Saunter through the massive doors, which may require using both hands if the doorman happens to be elsewhere, and take some time to survey the massive room that is both a bar and an art gallery. Built in 1903, it’s French colonial with Chinese influences. This historic building has reinvented itself a number of times – a warehouse, office, family residence – and been preserved in its original state.
Antonio Lopez de Haro and Gisela Salazar Golding, both from Venezuela, met in Shanghai in 2006 and have been friends and collaborators ever since. Three years ago they moved to the Kingdom. In true international style, they managed to marry South American with Mediterranean food and then make it a ménage with a pinch of Asian flavours.

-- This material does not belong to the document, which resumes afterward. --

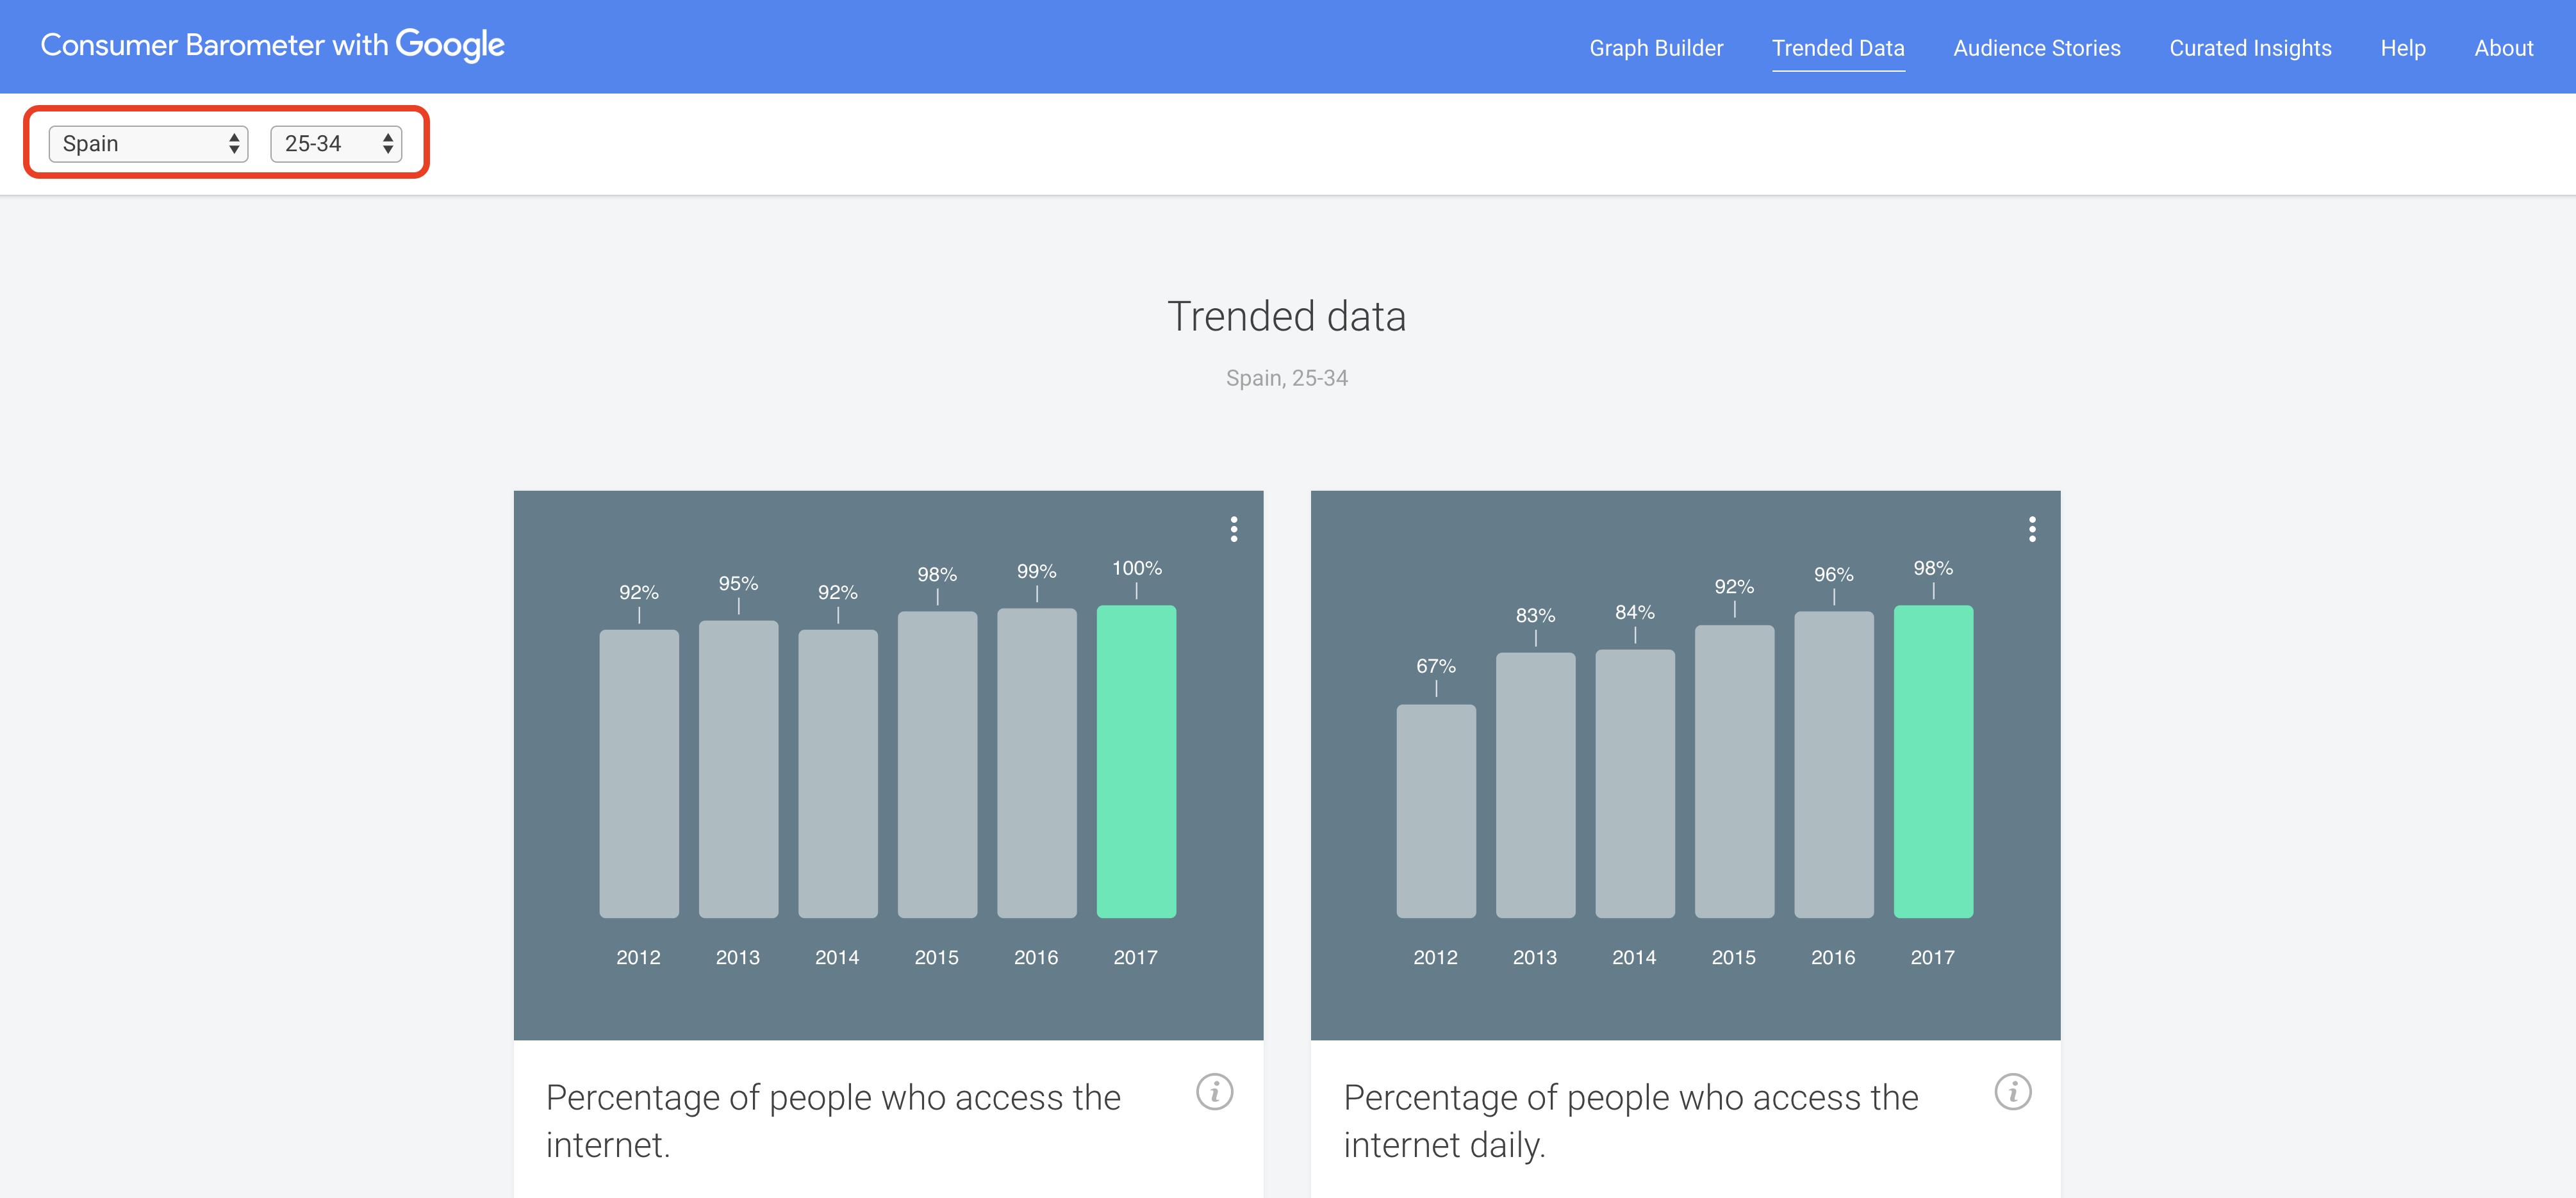 Búsqueda avanzada en Google - Consumer Barometer

Slide up to the bar and order a drink, like the mojito that uses homemade ginger syrup instead of sugar. Original cocktails ($4.50 to $5) focus on Asian accents with innovative tweaking, but the classics are also available. Beer comes in at $2.50 for Angkor to $7.50 for Moa Noir. Single-malt enthusiasts can order Laphroag at $5 or 21-year-old Glenlivet Archive at $21. Bar snacks are $4 to $7, but don’t eat too much because a gourmet feast is waiting upstairs.

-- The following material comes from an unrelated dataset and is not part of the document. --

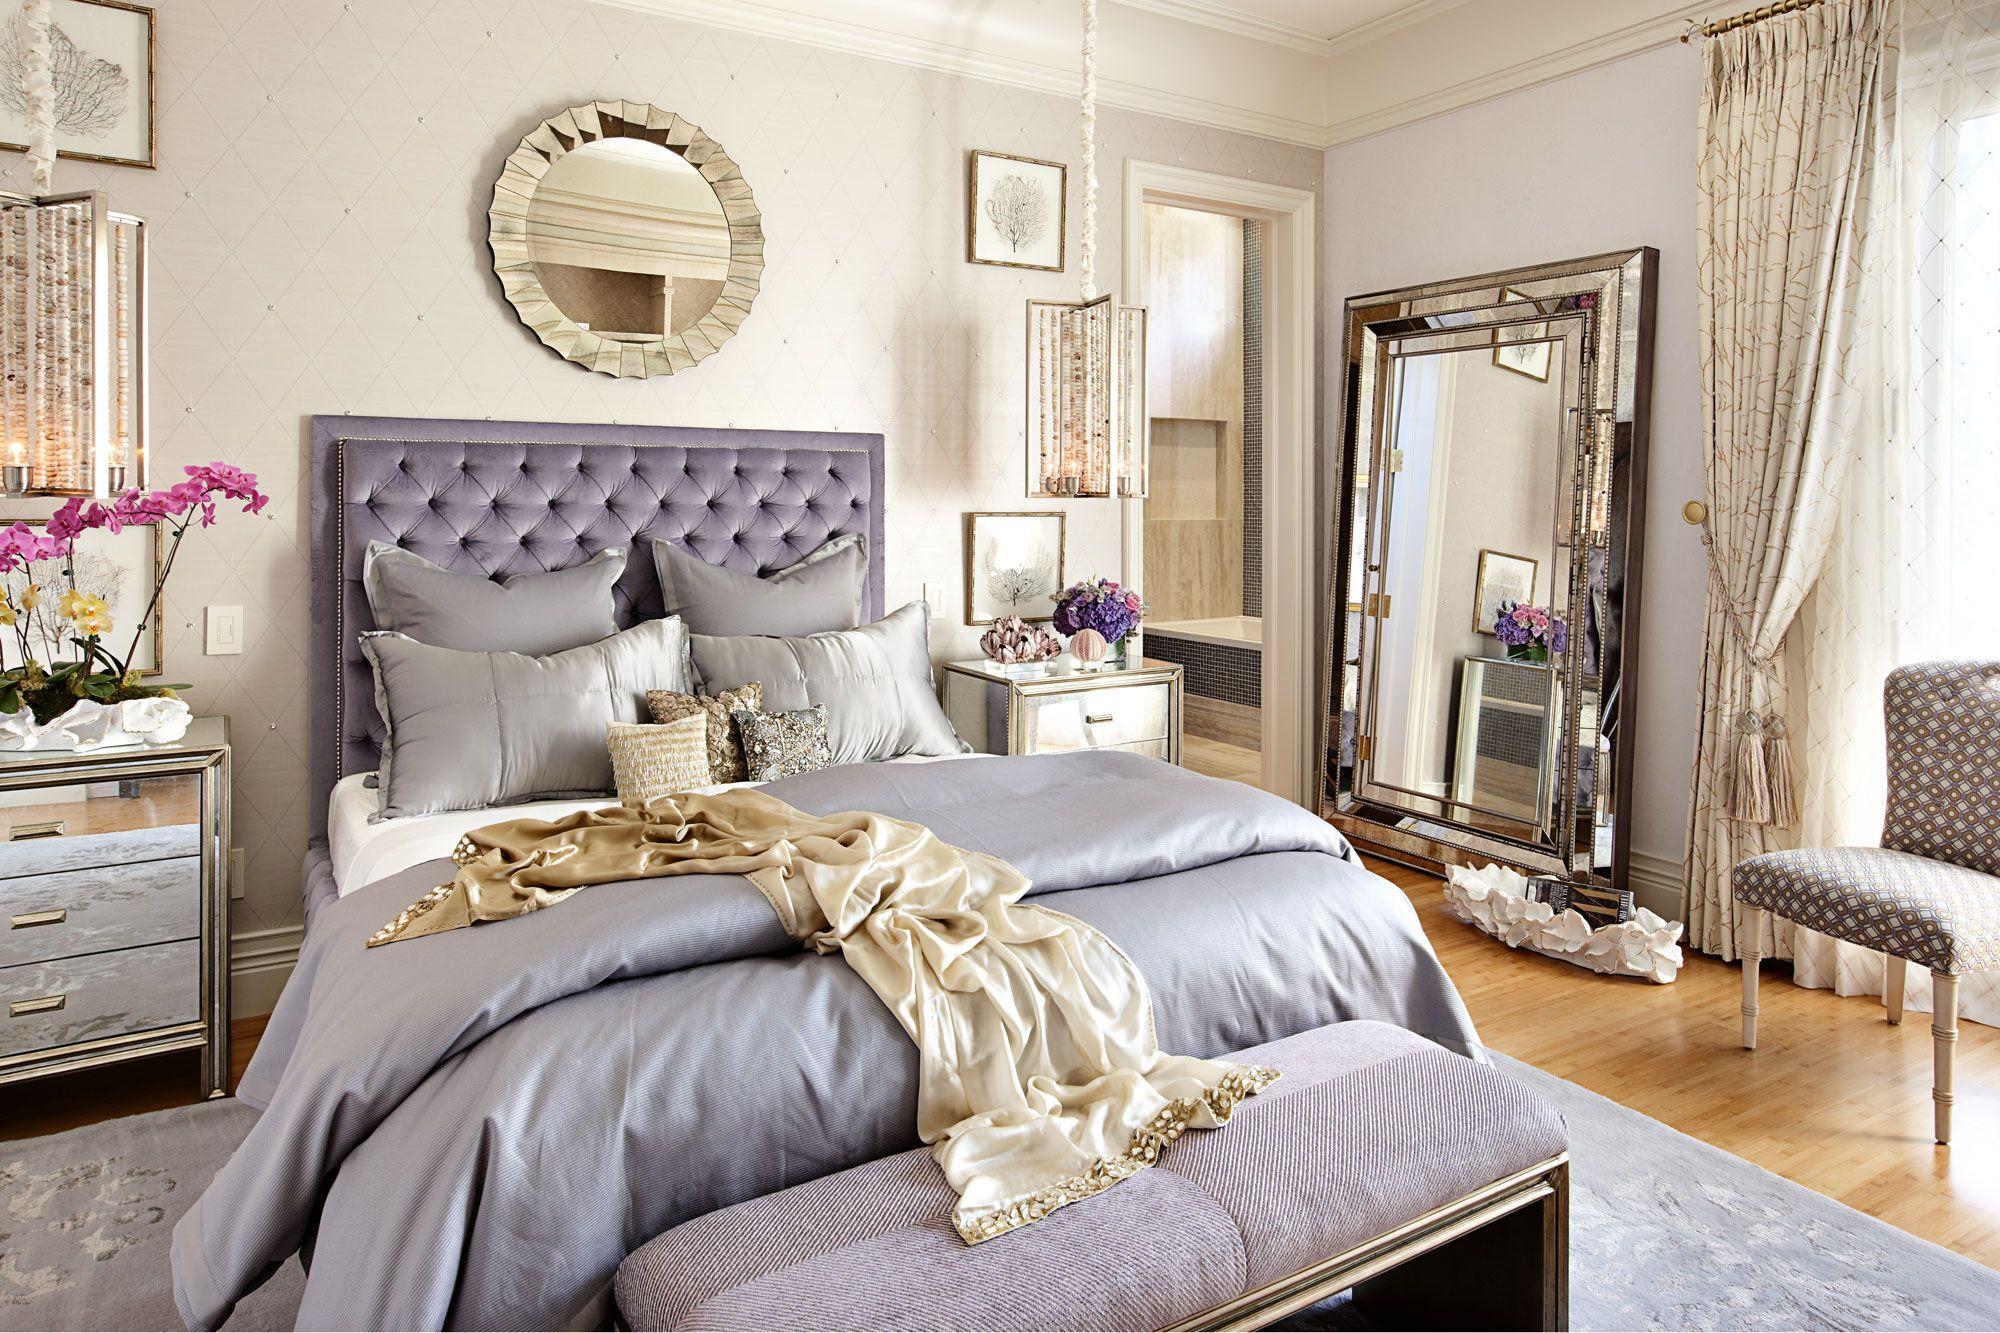 Ensemble de couchage dans la chambre, décoré dans un style classique moderne

The paper menu, which changes every six months, is a walk down foodie lane. Chef Gisela, with 13 years in the kitchen, brings a versatile approach to her art. “I like to be creative and play with flavours. Fish is particularly good for this.”
The appetisers/tapas offer a variety of choices: seafood (red tuna tartare with wasabi emuision, $9.50); meat (marinated lamb skewers with mojo rojo chili sauce, $7.50); vegetarian (pastelitos, pastries of cheddar cheese with fig confit, $5). The obvious solution is to go with friends so that you can better share.
Soups and salads have their place. How about the roast onion and parmesan cream with sautéed mussels and green asparagus ($6.50)? Or the marinated chicken and crouton salad with roquet and crispy bacon ($7.50)?
Move on to the mains. What does our chef suggest? Hard question, but she comes up with paella negra, the black ink which comes from the calamari ($28). This is baked, so a 30-minute wait is required, which is a perfect time to imbibe a bit of wine. The house white is Cloudia de Vallformosa at $4 a glass or $21 a bottle. Another choice is Pewsey Vale Riesling at $32.
The chef’s meat recommendation was Australian beef cheek. It’s braised for 12 hours in a mustard a l’ancienne and served with sweet potato puree ($19). A bottle of Scottbase pinot noir ($59) goes well, but if it is a third-or-so bottle, go for the very drinkable house Norton Malbac at $4 a glass or $21 a bottle.
Todd, my dining companion and photographer, gently dabbed his napkin at the corner of his mouth, pushed back the plate and announced: “This truly is world-class dining.” Agreed.
Tepui @ Chinese House, #45 Sisowath Quay (corner Street 84); 023 991514.